• [ABOUT THIS EXERCISE] Without the pictures, set down every line of the data exactly.
────────────────────
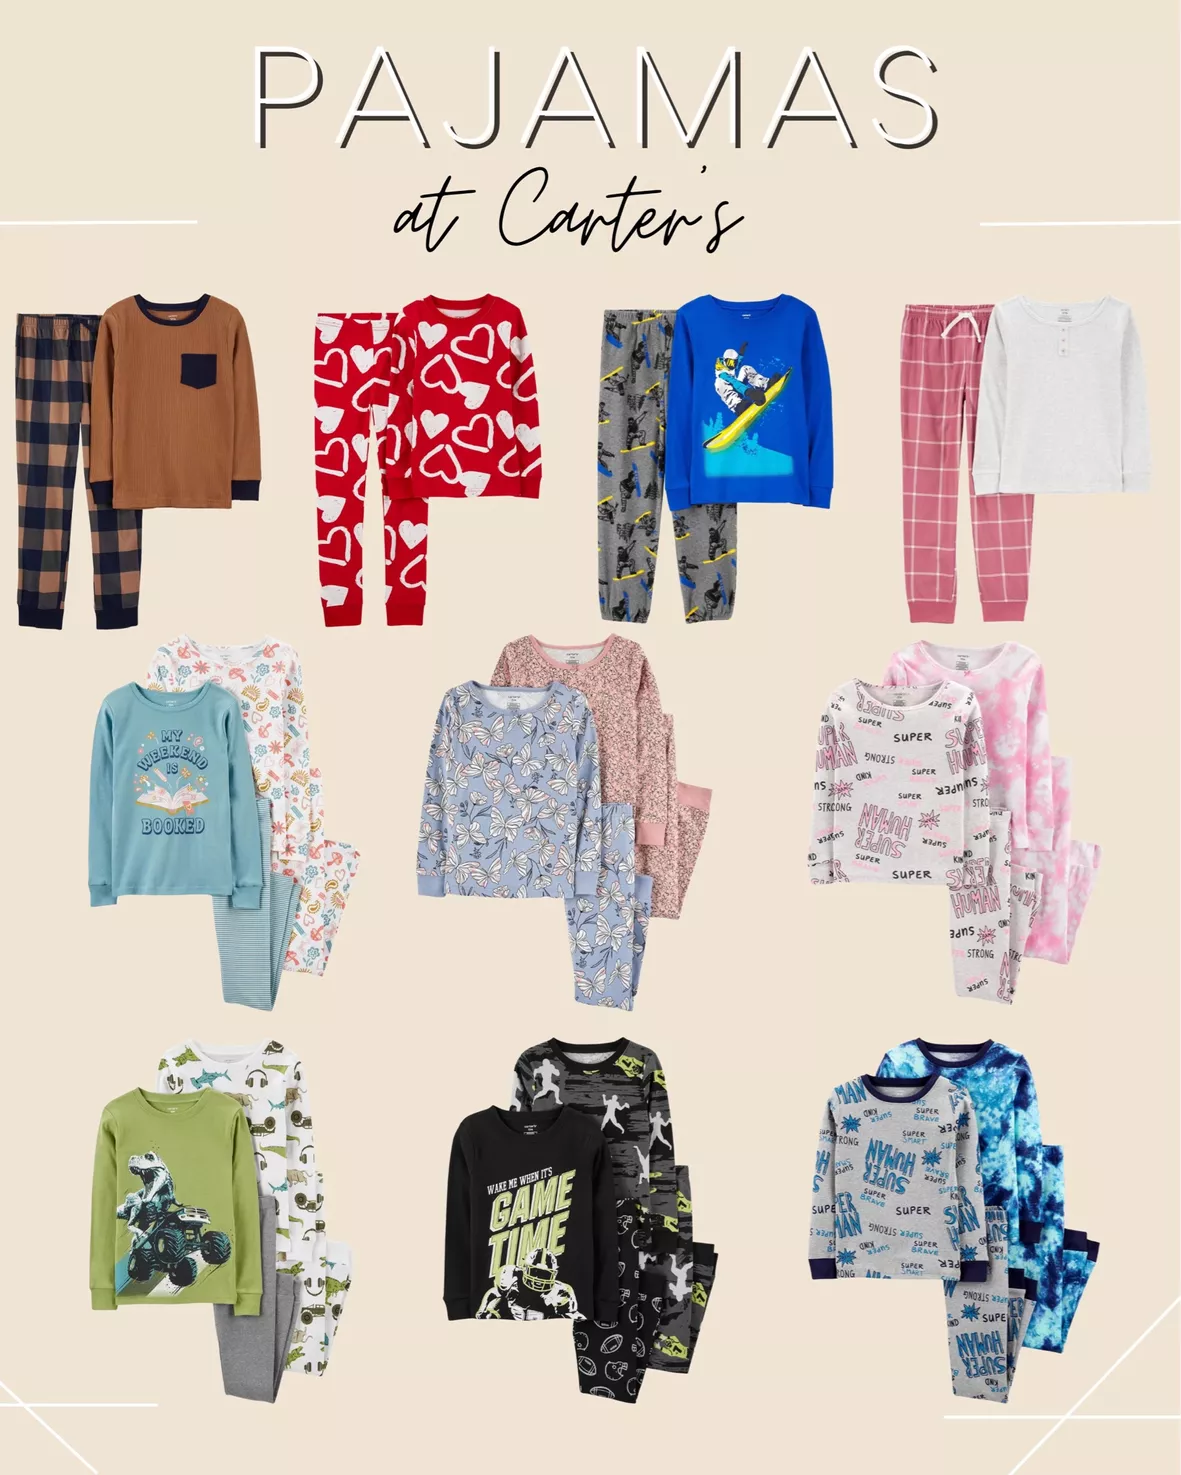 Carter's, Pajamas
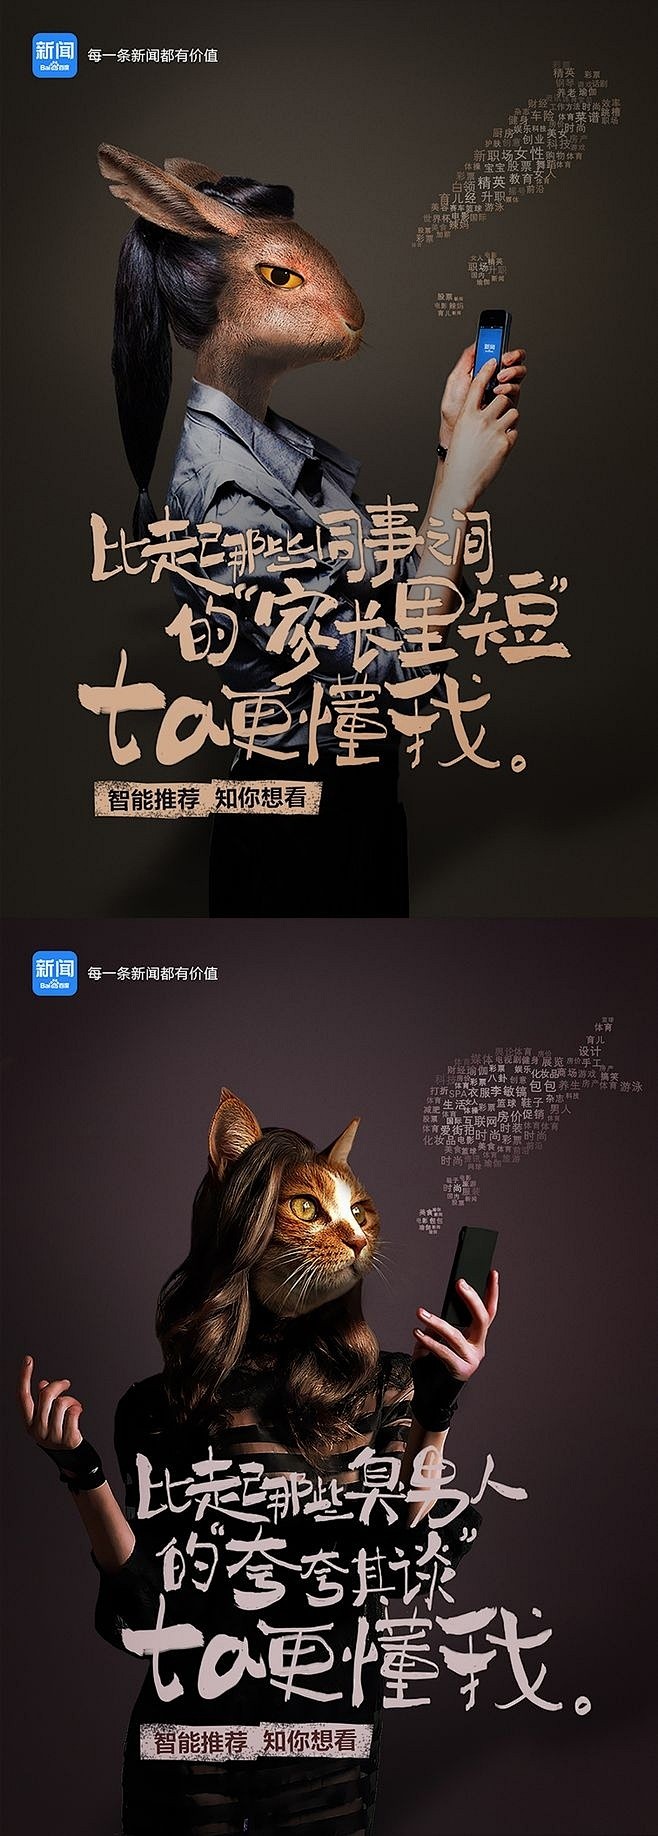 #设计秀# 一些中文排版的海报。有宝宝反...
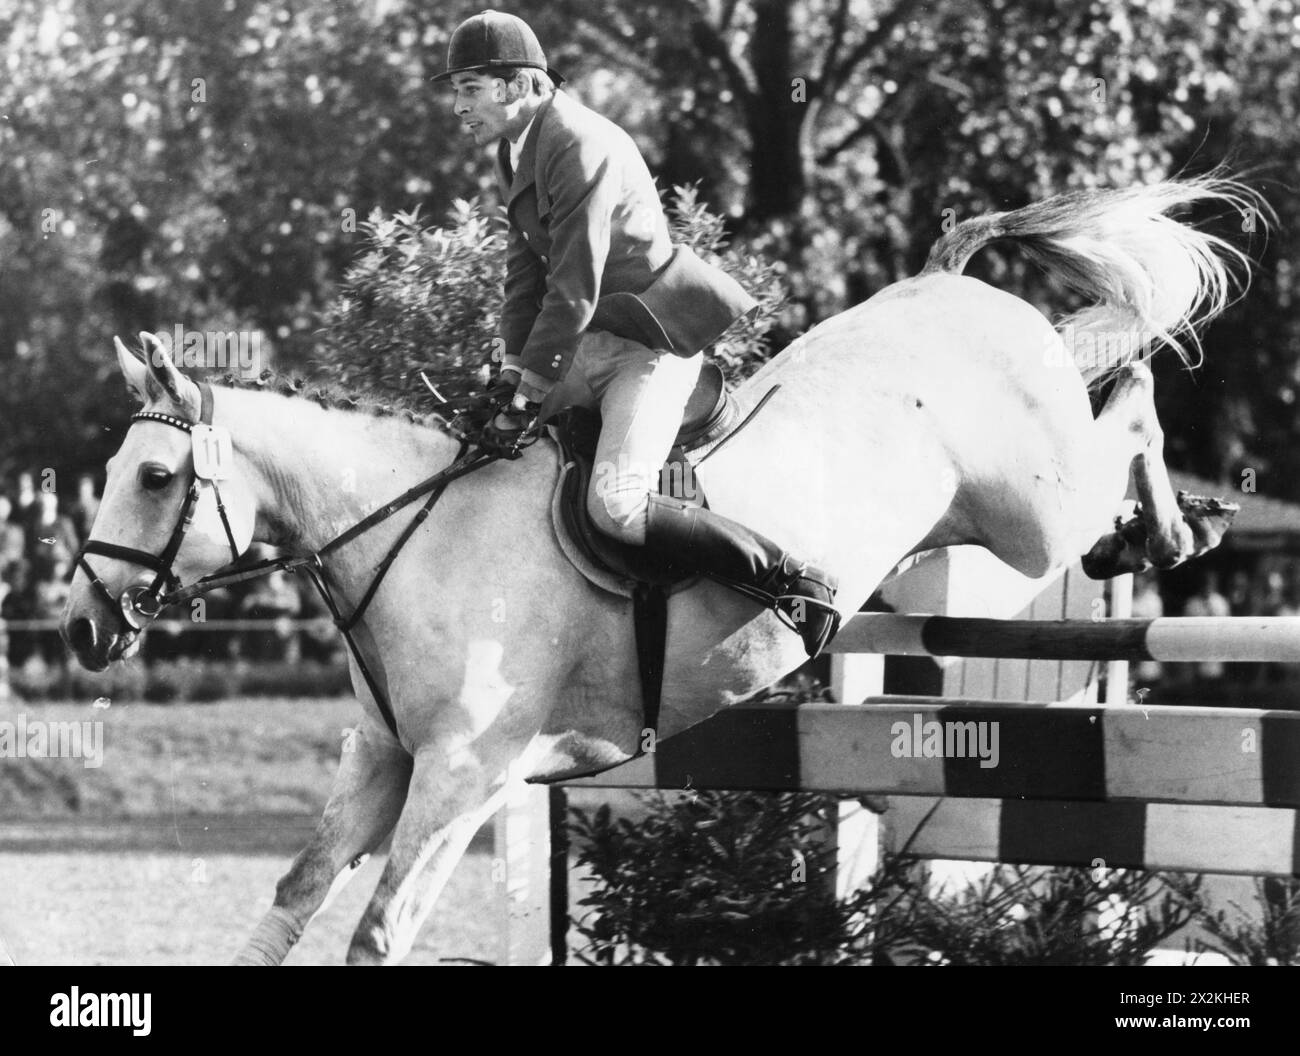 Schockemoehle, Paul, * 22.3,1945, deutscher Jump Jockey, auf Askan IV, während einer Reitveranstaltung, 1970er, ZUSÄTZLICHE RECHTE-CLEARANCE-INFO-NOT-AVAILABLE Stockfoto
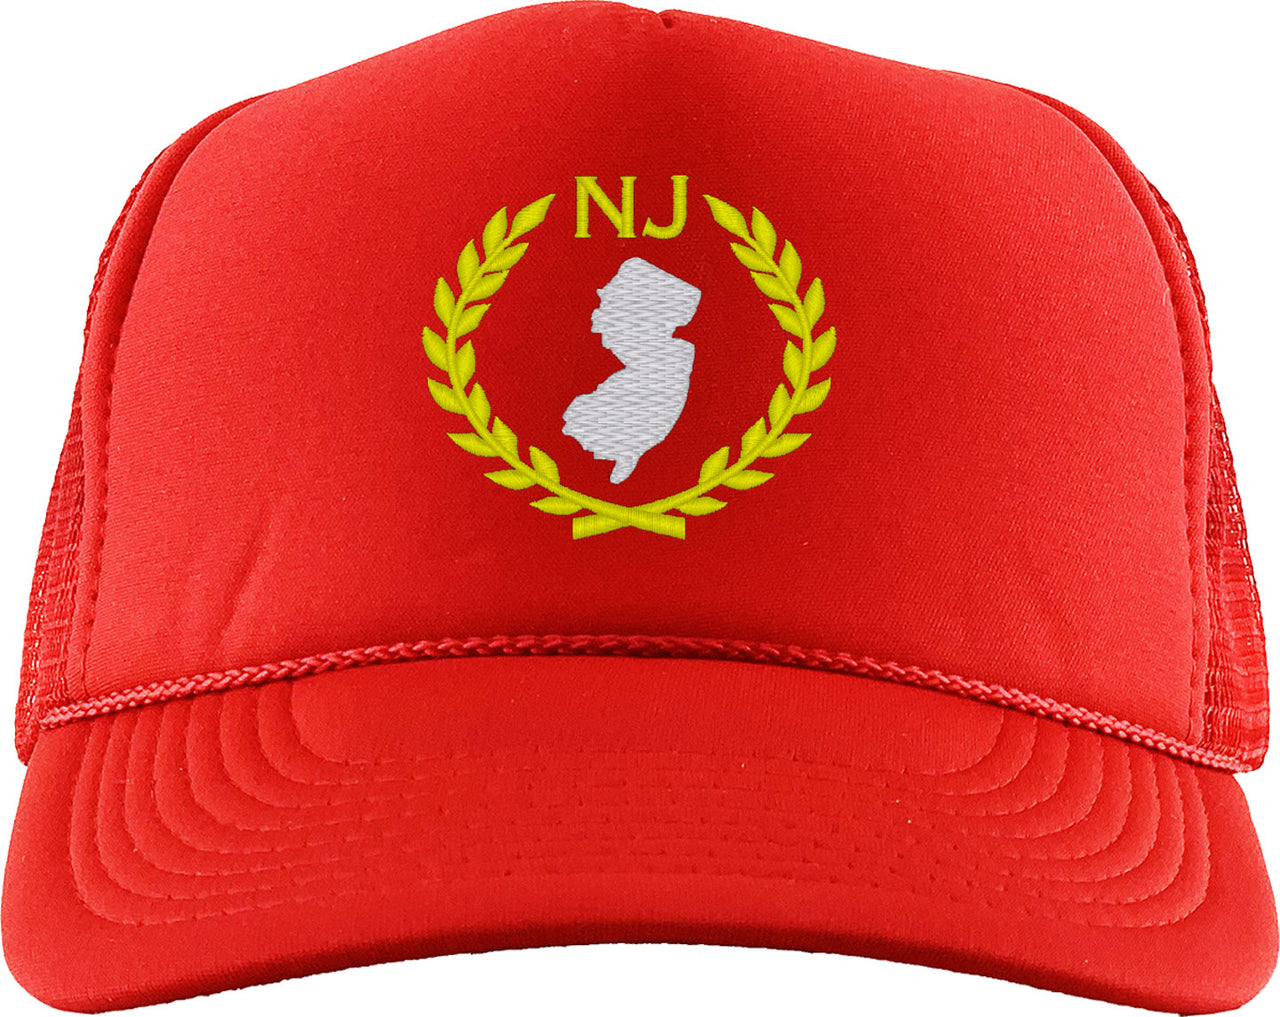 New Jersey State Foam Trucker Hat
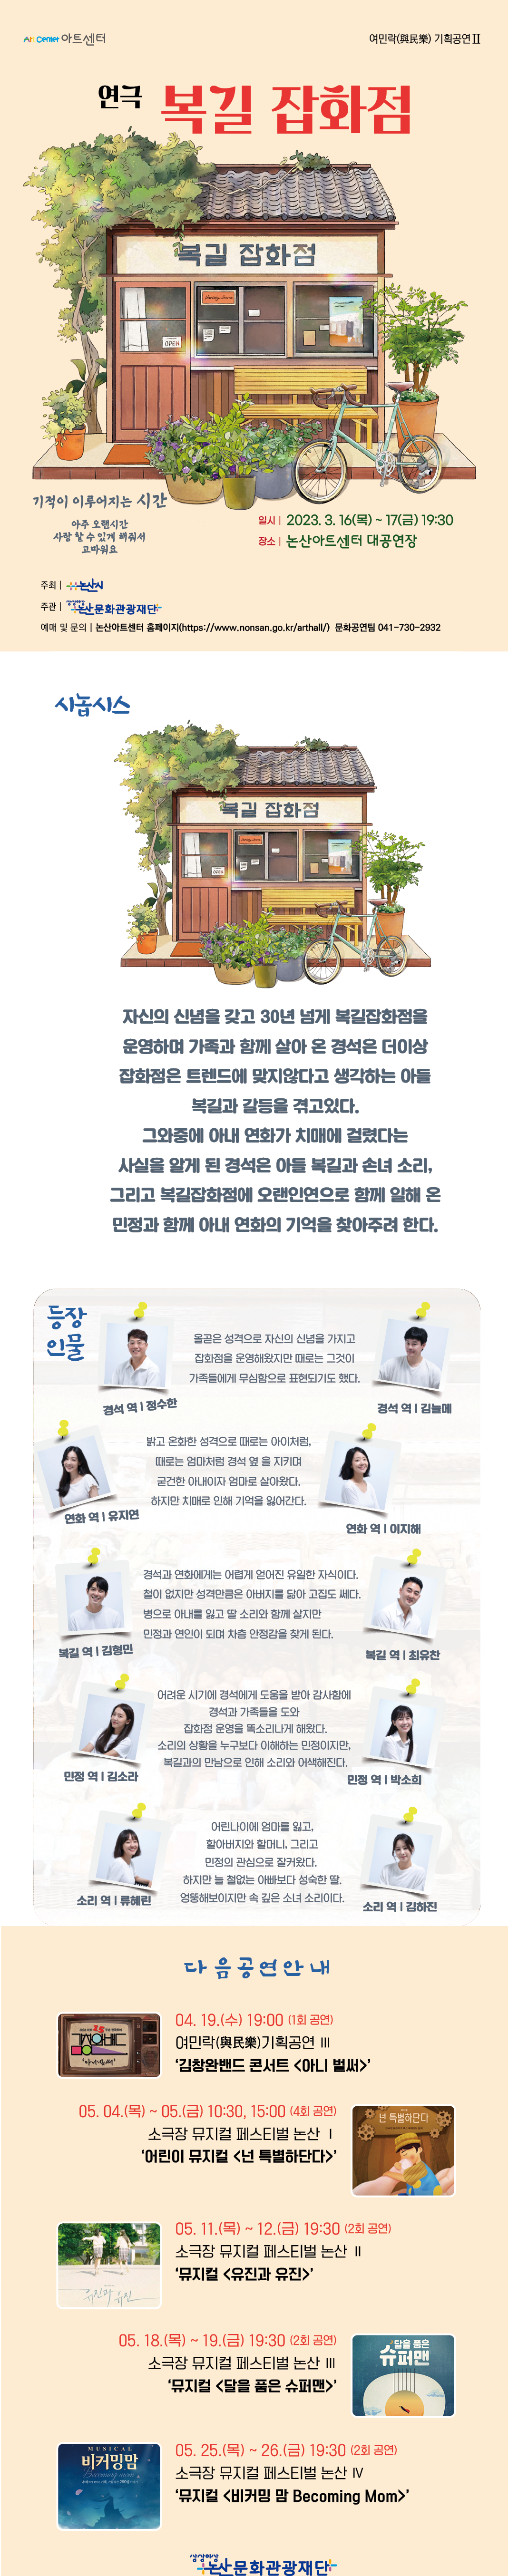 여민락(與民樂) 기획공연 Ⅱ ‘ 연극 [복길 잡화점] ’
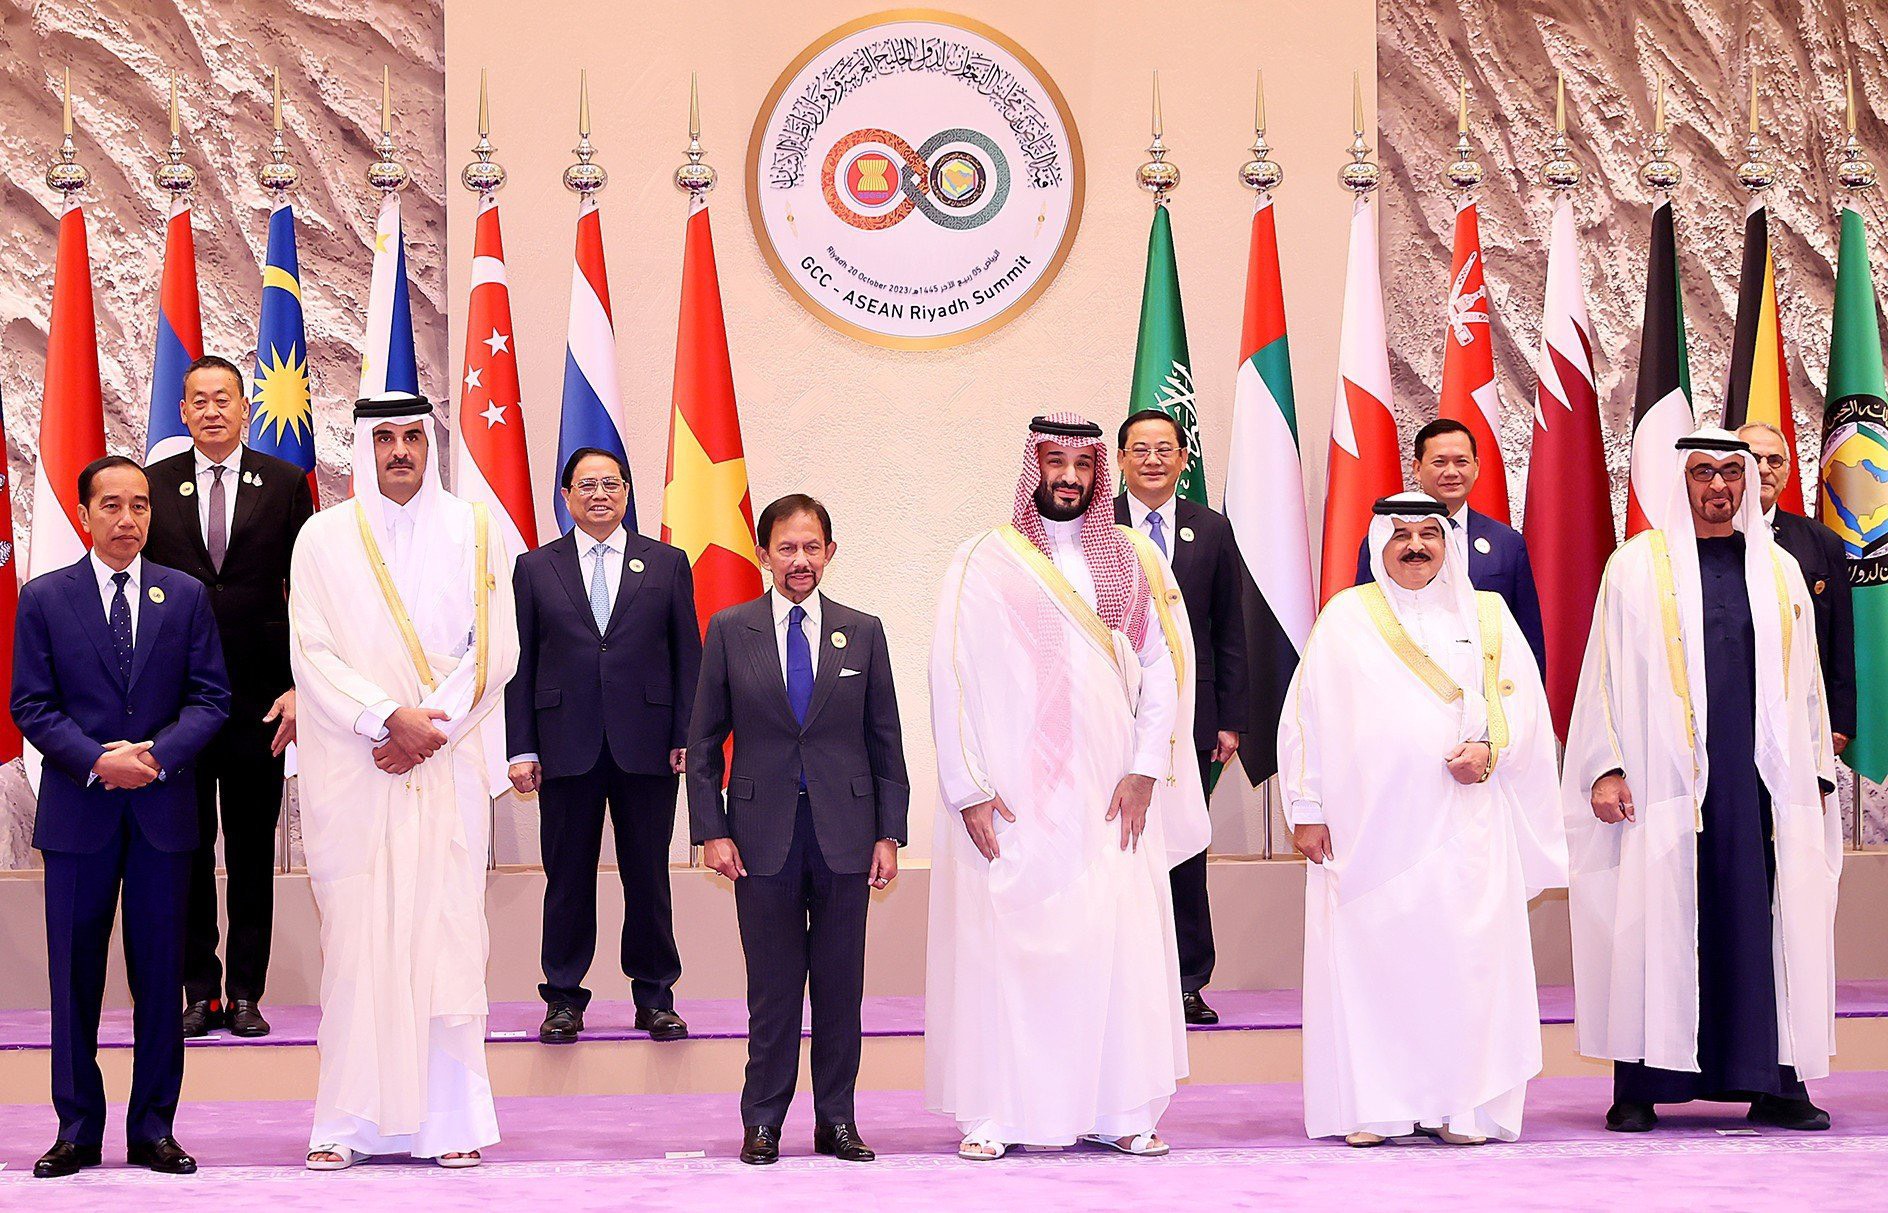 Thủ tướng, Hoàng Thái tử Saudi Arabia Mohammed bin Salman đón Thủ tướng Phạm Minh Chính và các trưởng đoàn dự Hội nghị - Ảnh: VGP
────────────────────
• [OUTPUT FOR THIS TASK]
 Carter's, Pajamas
 #设计秀# 一些中文排版的海报。有宝宝反...
 Schockemoehle, Paul, * 22.3,1945, deutscher Jump Jockey, auf Askan IV, während einer Reitveranstaltung, 1970er, ZUSÄTZLICHE RECHTE-CLEARANCE-INFO-NOT-AVAILABLE Stockfoto
 New Jersey State Foam Trucker Hat
 여민락(與民樂) 기획공연 Ⅱ ‘ 연극 [복길 잡화점] ’
 Thủ tướng, Hoàng Thái tử Saudi Arabia Mohammed bin Salman đón Thủ tướng Phạm Minh Chính và các trưởng đoàn dự Hội nghị - Ảnh: VGP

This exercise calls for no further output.